AThe three main areas are: 1) Compute Power Assetization (unstable, cannot provide commercial SLA, serves only edge markets), 2) Data Assetization (high friction for suppliers, demand for structured data from professional suppliers), and 3) Model Assetization (models are non-scarce, replicable, and rapidly depreciating assets, making tokenization attempts largely fail).

QAccording to the author, what is the fundamental issue with 'Verifiable Inference' projects like ZKML and OPML?

AThe fundamental issue is that they are a solution in search of a problem ('a typical story of using a hammer to find a nail'). The demand-side threat model is extremely vague, as there is little need to verify things that no one actually needs verified. Problems like AI output errors (model capability issues) are far more common than malicious tampering of AI output (adversarial problems).

QHow did Vitalik Buterin's (V神) perspective on the Crypto x AI intersection evolve from two years ago to the present, as described in the article?

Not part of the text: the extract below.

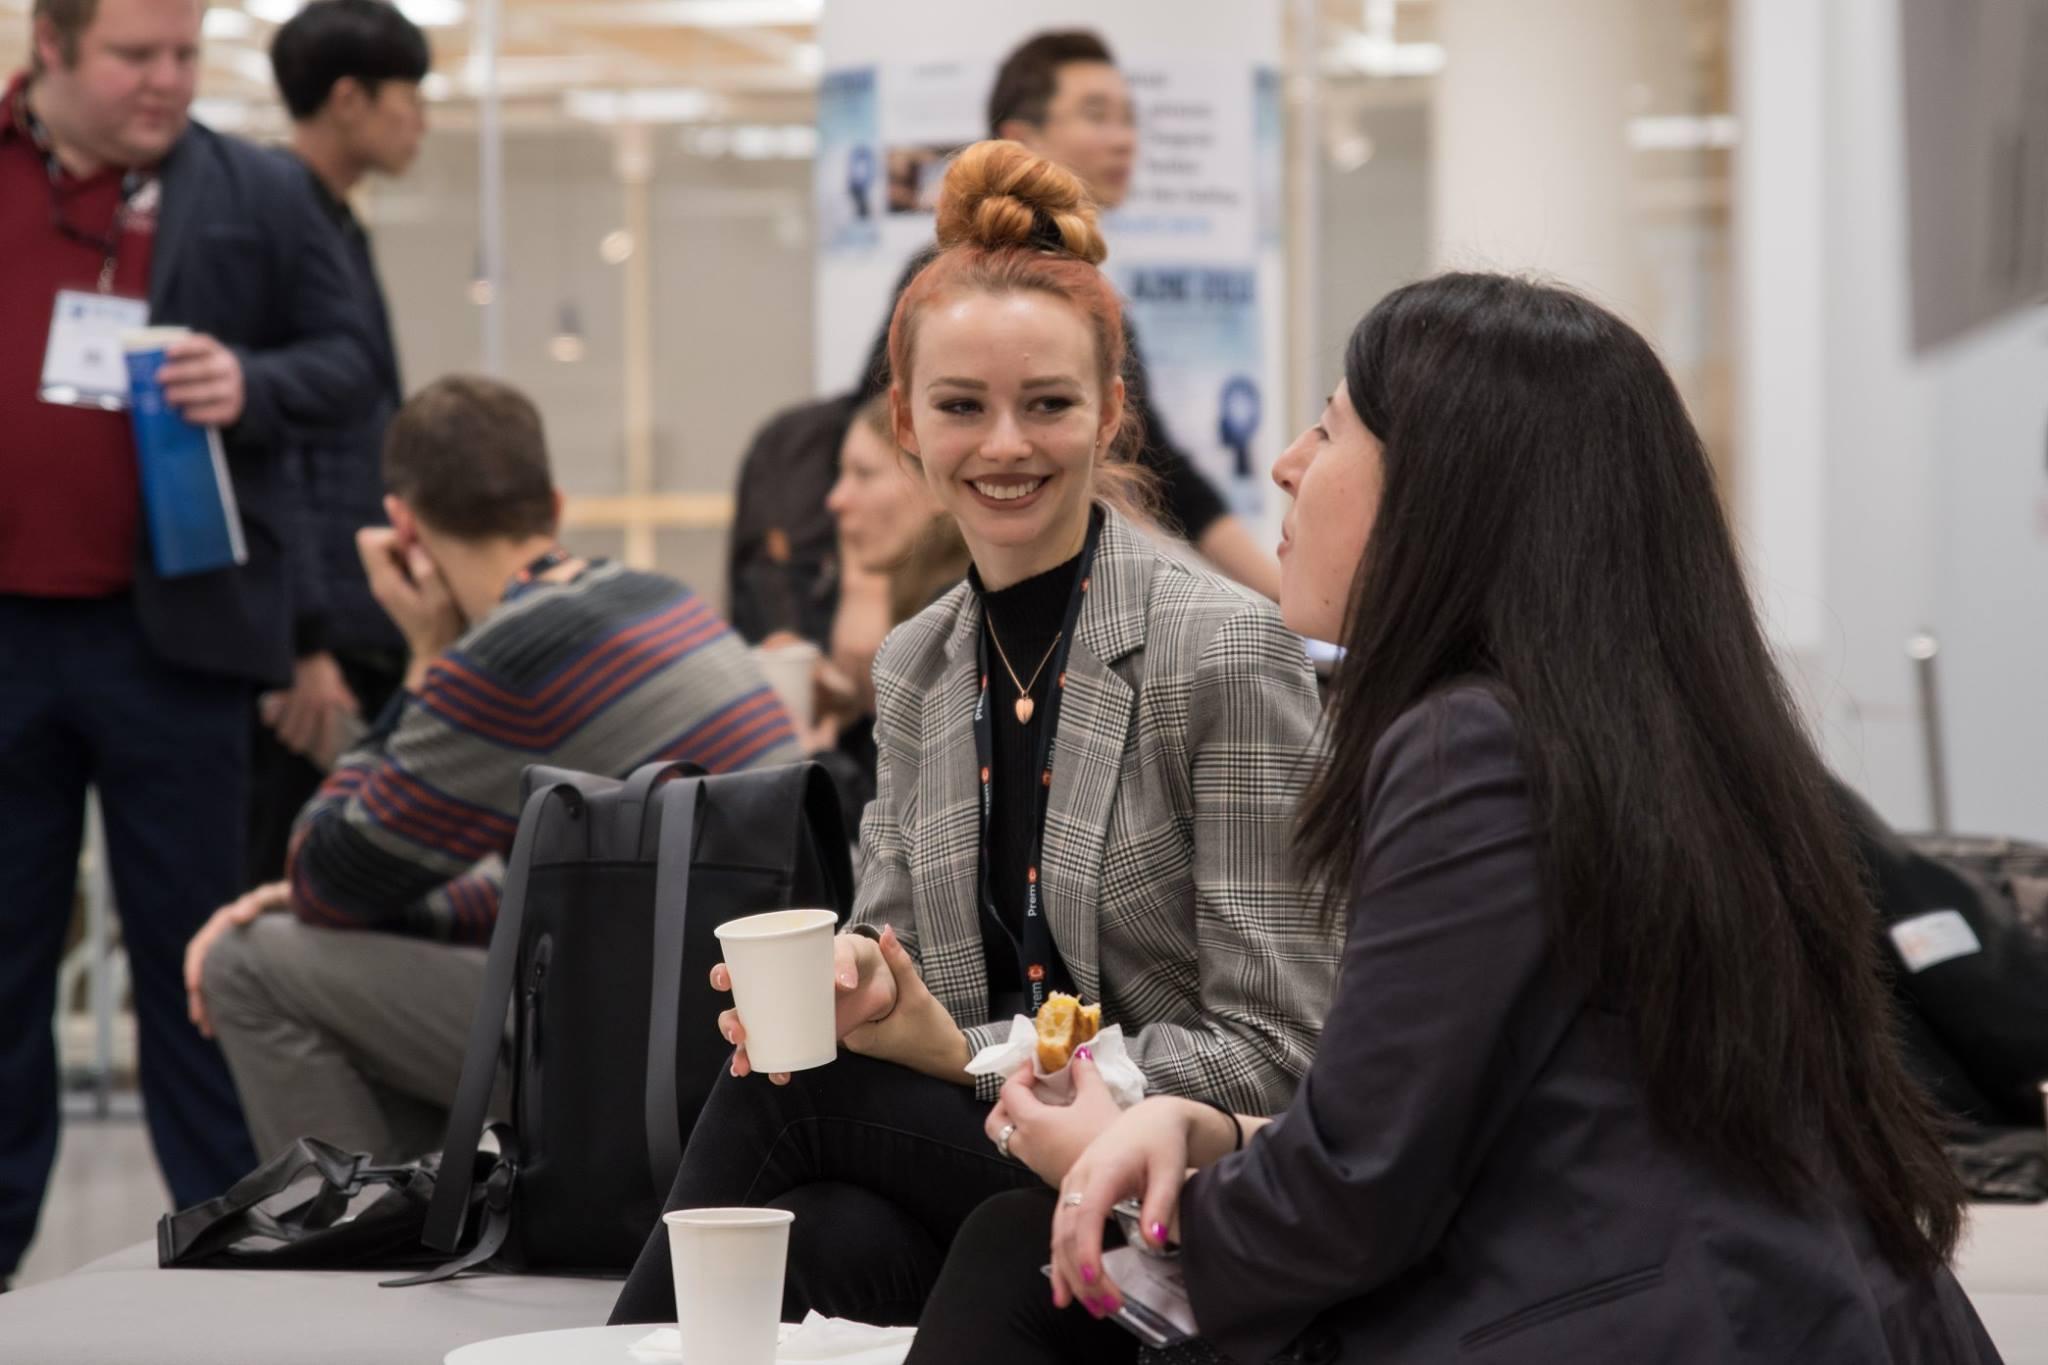 Networking des participants pendant une pause café

ATwo years ago, Vitalik was more skeptical of 'Crypto Helps AI' and was more optimistic about 'AI Helps Crypto'. His current perspective, as outlined in a new quadrant model, is more balanced. It includes two quadrants for 'AI Helps Crypto' (using AI to optimize crypto UX, efficiency, and governance) and two for 'Crypto Helps AI' (using Ethereum's decentralization and transparency to solve AI's trust and economic collaboration issues).

QWhat are the two specific use cases mentioned under the 'Crypto Helps AI' quadrant in Vitalik's new framework?

AThe two use cases are: 1) Enabling trustless and private AI interaction using technologies like ZK and FHE for privacy and verifiability, and 2) Using Ethereum as an economic layer for AI, allowing AI agents to conduct economic transactions, hire other bots, post bonds, or build a reputation system to create a decentralized AI architecture.

QWhat does the author mean by the term 'Tokenization Illusion' in the context of Crypto x AI projects?

AThe term 'Tokenization Illusion' refers to the phenomenon where many projects in the Crypto x AI space simply launch a token without achieving real Product-Market Fit (PMF) or creating a sustainable business model. The author argues that these projects often lack genuine commercial viability and substance beyond the token issuance itself.